▸ **WORK REQUEST**
Please make an exact copy of the listing, without the pictures.

▸ **INPUT DATA**
###
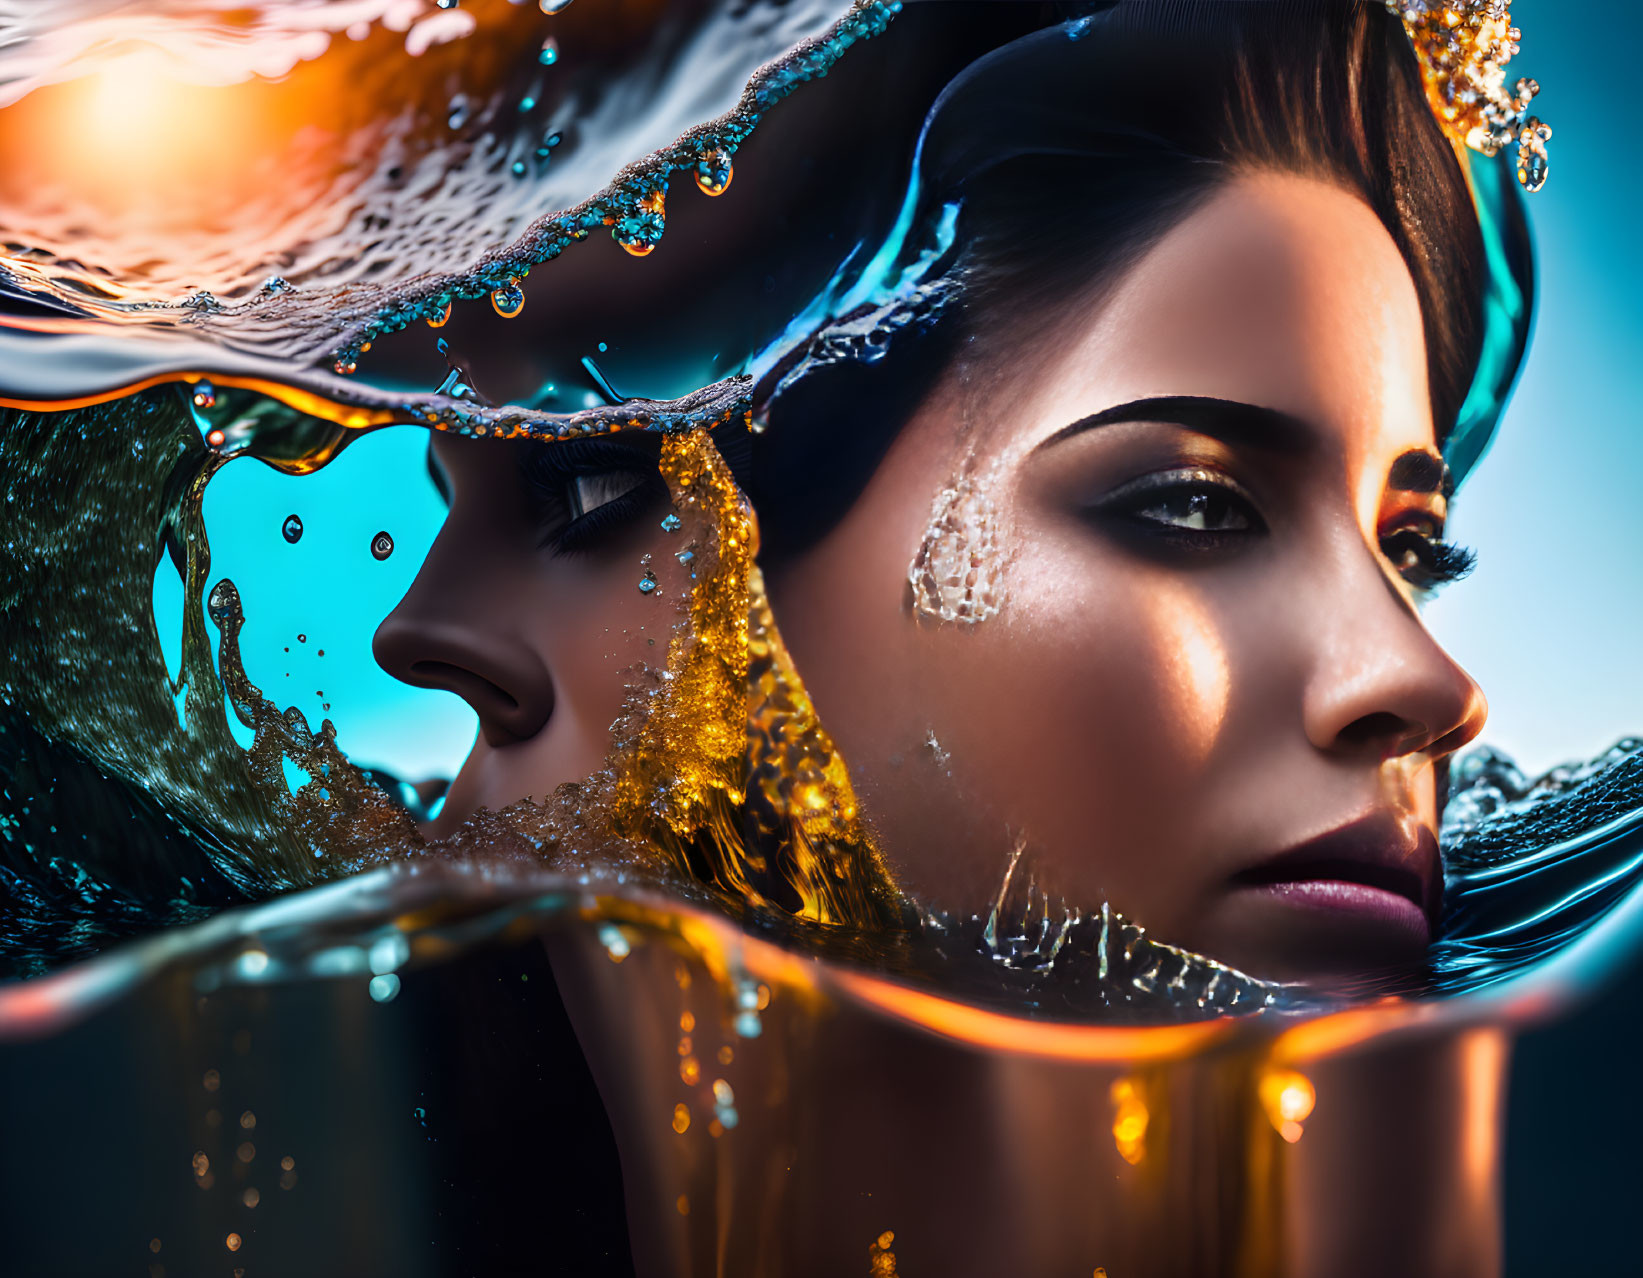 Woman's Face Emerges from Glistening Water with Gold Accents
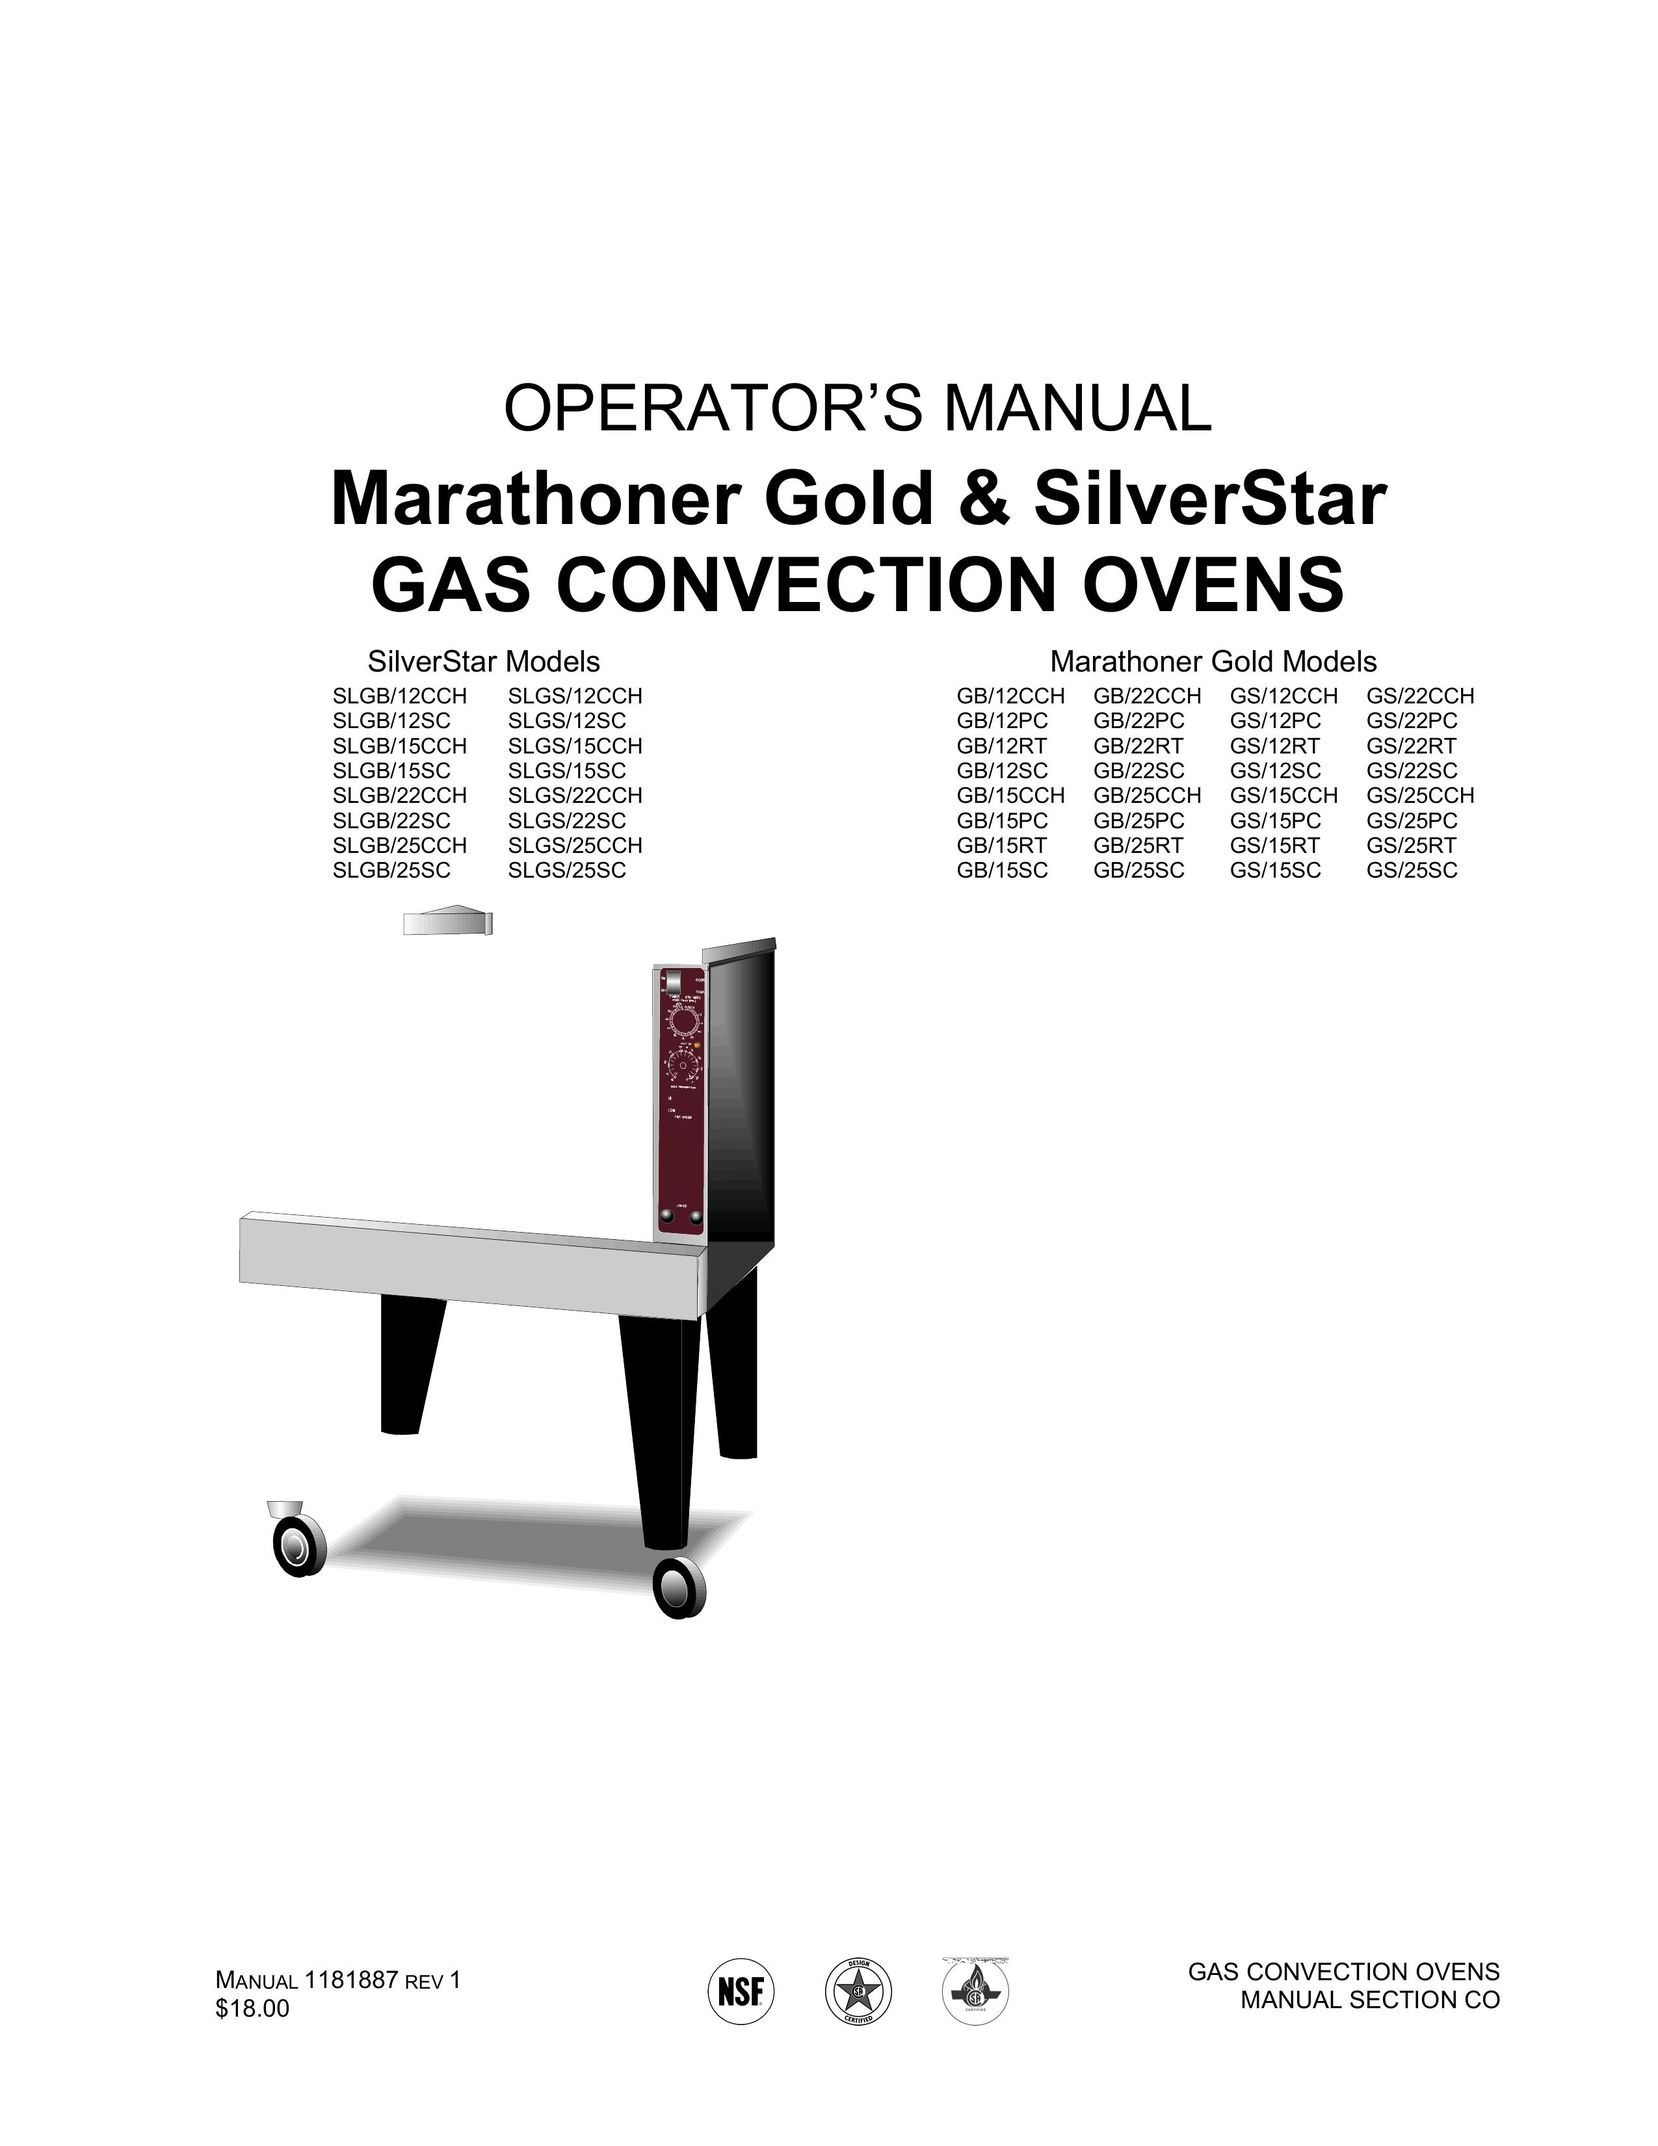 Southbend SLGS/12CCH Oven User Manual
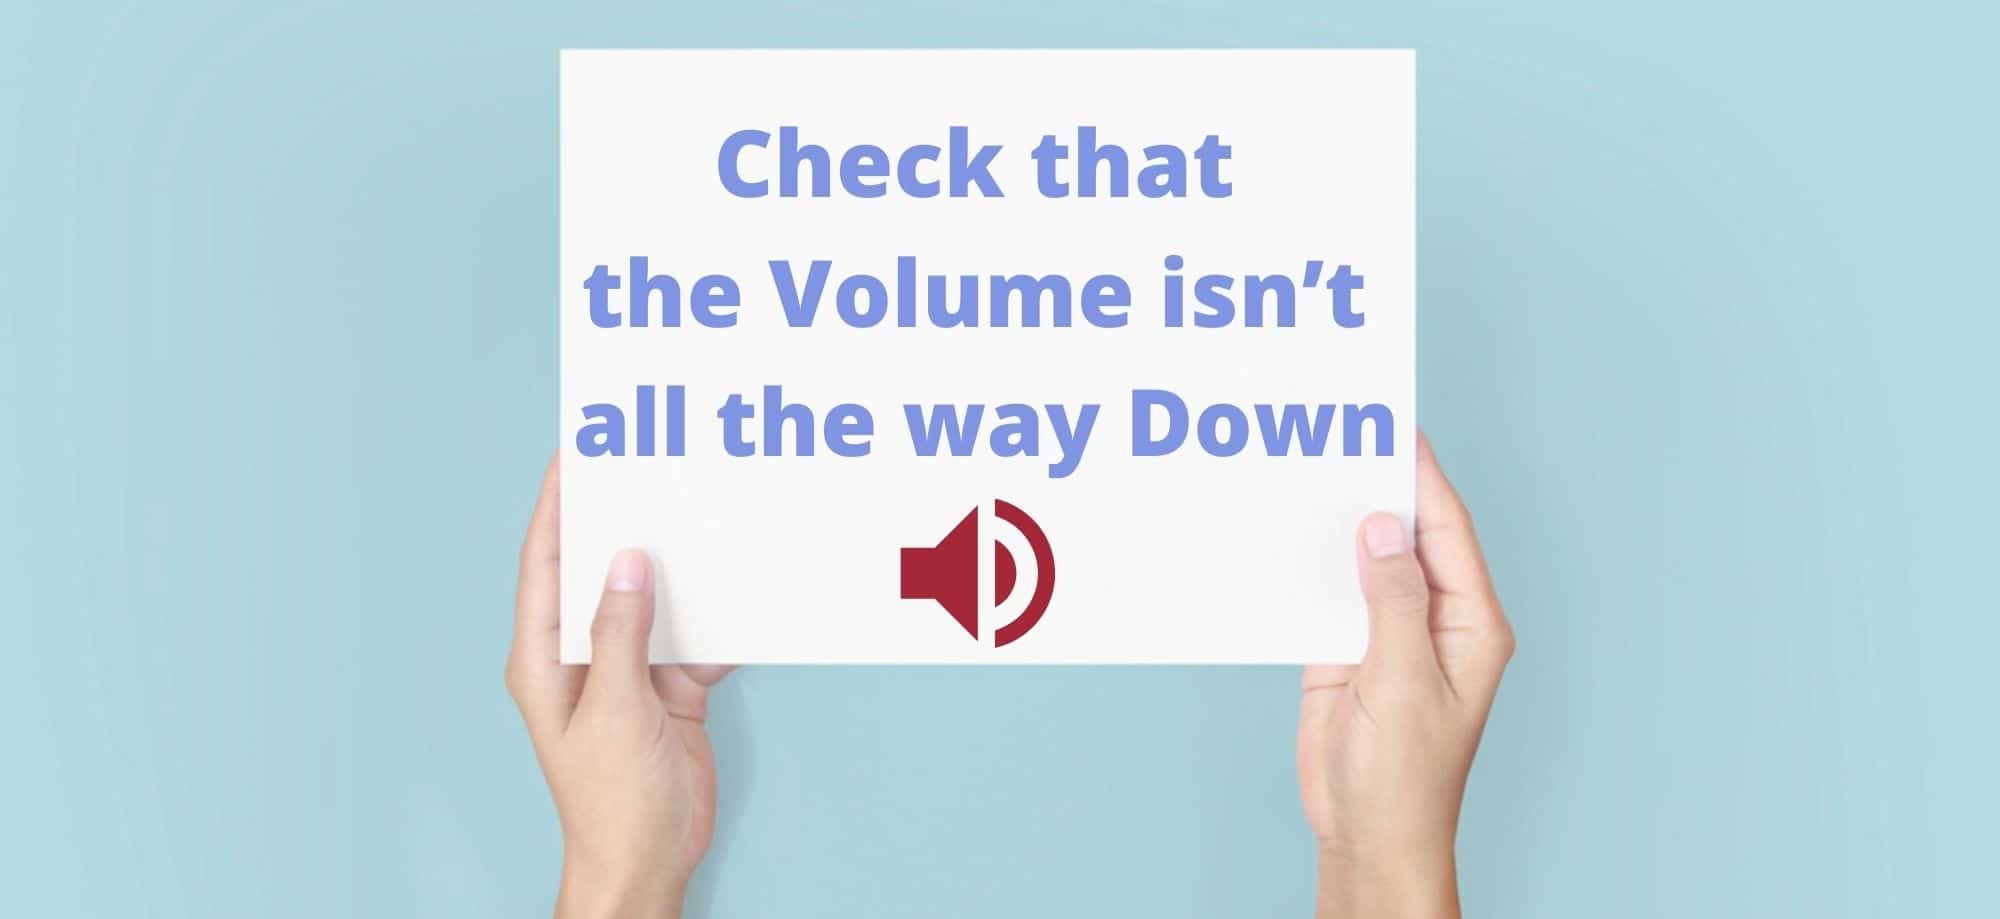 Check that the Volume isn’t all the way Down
###
▸ **EXERCISE ANSWER**
 Woman's Face Emerges from Glistening Water with Gold Accents
 Southbend SLGS/12CCH Oven User Manual
 Check that the Volume isn’t all the way Down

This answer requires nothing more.